# LunarPages.com good host? When it says osCommerce, CubeCart, and ZenCart included what does that mean?



## JTNO (Jul 10, 2009)

It says osCommerce, CubeCart, and ZenCart included for the Small Business package, Does that mean I don't have to buy those, the programs come with the hosting? Or does it mean that they support osCommerce, CubeCart, and ZenCart? Also is LunarPages.com a good host? Anyone ever use them? 

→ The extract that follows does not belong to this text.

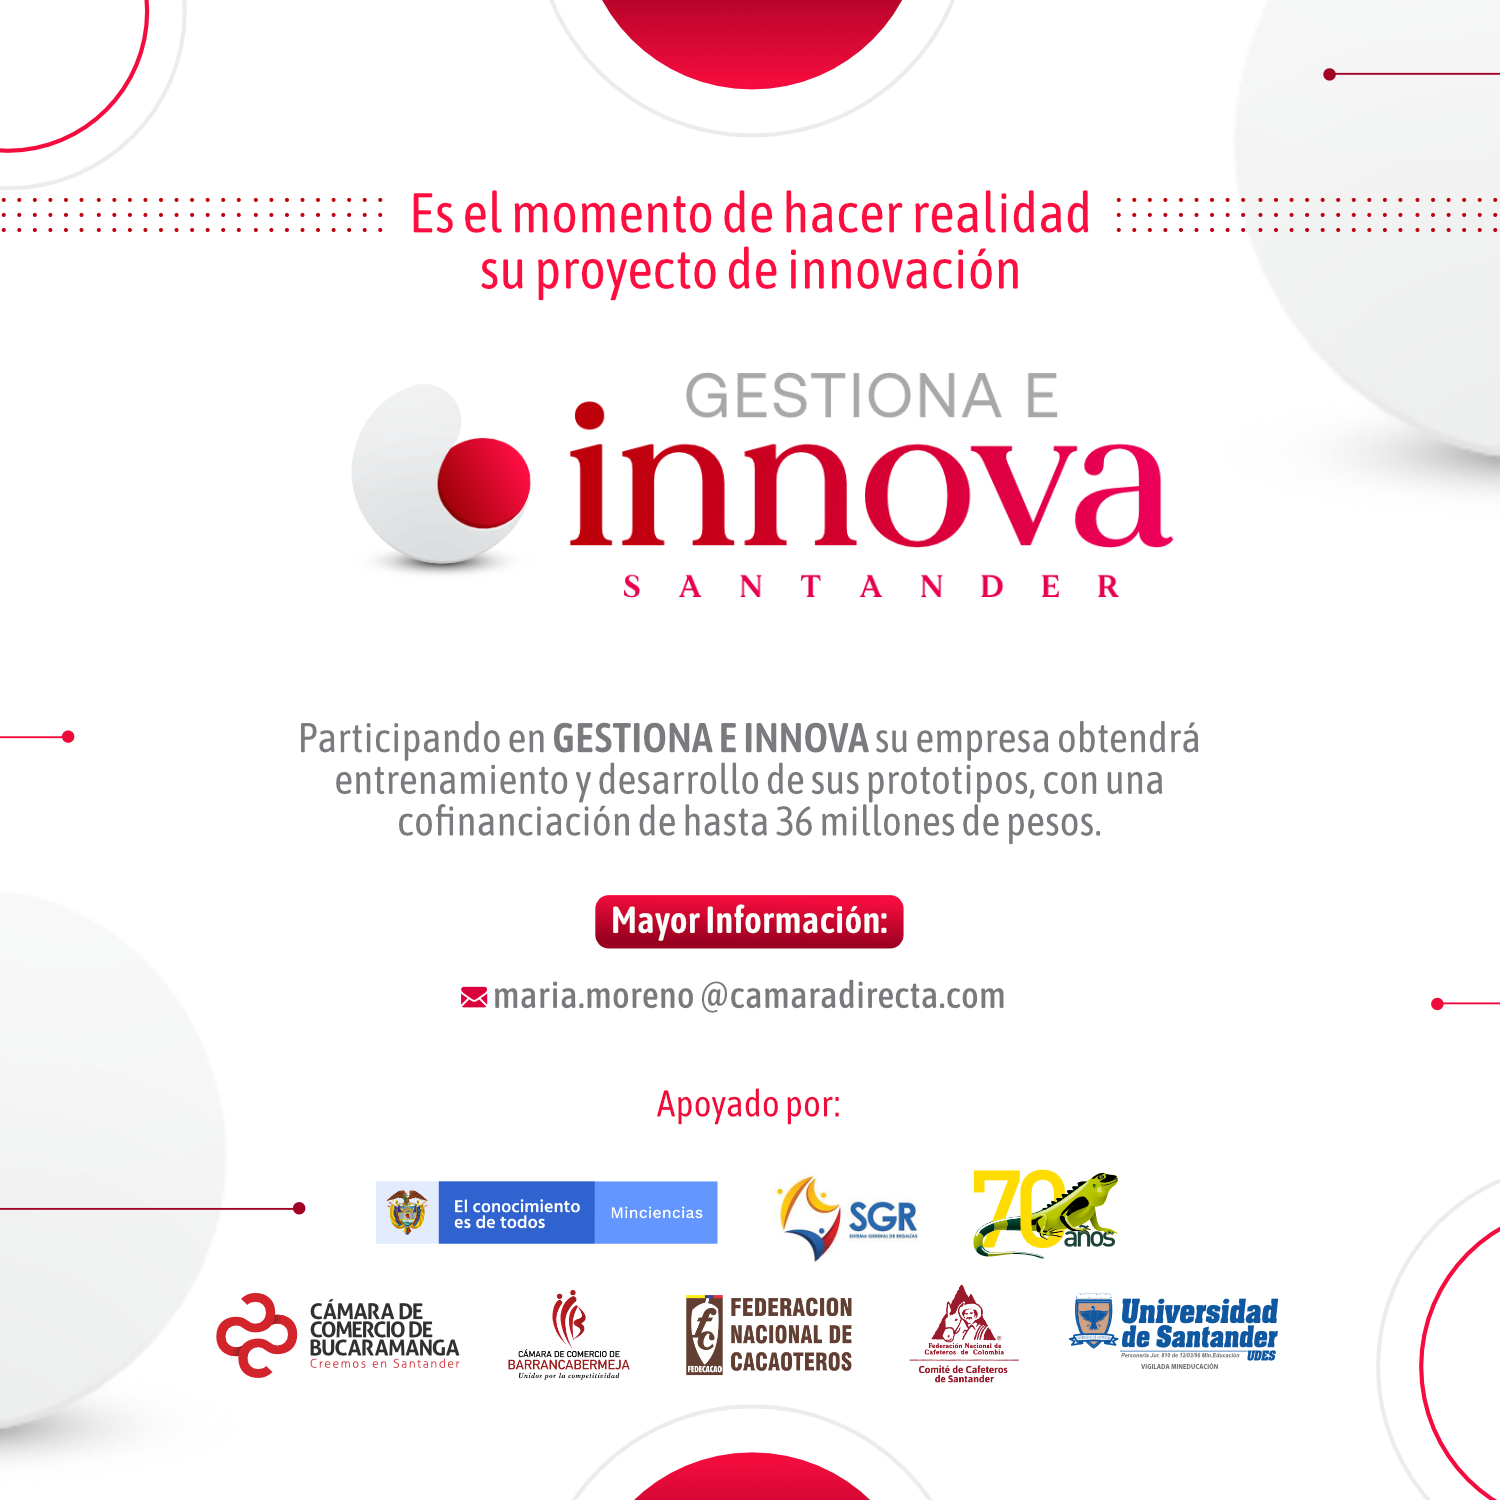 De la mano de Gestiona e Innova, los empresarios de Santander le apostarán a la innovación para ser más competitivos

Business Web Hosting at Lunarpages

Thanks


----------



## JTNO (Jul 10, 2009)

Answered my own question by googling the comapnies name, apparently they have terrible customer service and many other problems.


----------



## tfalk (Apr 3, 2008)

Not sure what you are seeing... I've been using them for 4 years and only had 1 problem with a server down for about 24 hours. Other than that, I've had no problems with them.

They provide you with an installation script for the various carts you mentioned. You can install as many of each cart as you want. I have 3 osCommerce carts running along with a CommerceCGI cart.


----------



## sonambulo (Sep 22, 2007)

lunarpages I think is pretty good like ^he said


----------



## Solmu (Aug 15, 2005)

JTNO said:


> It says osCommerce, CubeCart, and ZenCart included for the Small Business package, Does that mean I don't have to buy those, the programs come with the hosting?


It most likely means they have them in the control panel as easy-install options. OSC and Zen are free. CubeCart has a free version, but you'll still need to pay if you want the non-free version (free version has their name and link on the site, and I think is a version behind).



JTNO said:


> Also is LunarPages.com a good host?


By reputation (I haven't used them) they're an _okay_ host. If you Google enough you'll find dirt on anyone. With LP it's easier to find (which is illuminating), but there are plenty of happy customers as well. You could certainly do _worse_.


----------



## EnMartian (Feb 14, 2008)

I've used Lunar Pages for a couple of personal blogs I have and I've never had any problems. It was easy to set up the blogs and mail and I've never experienced down time.


----------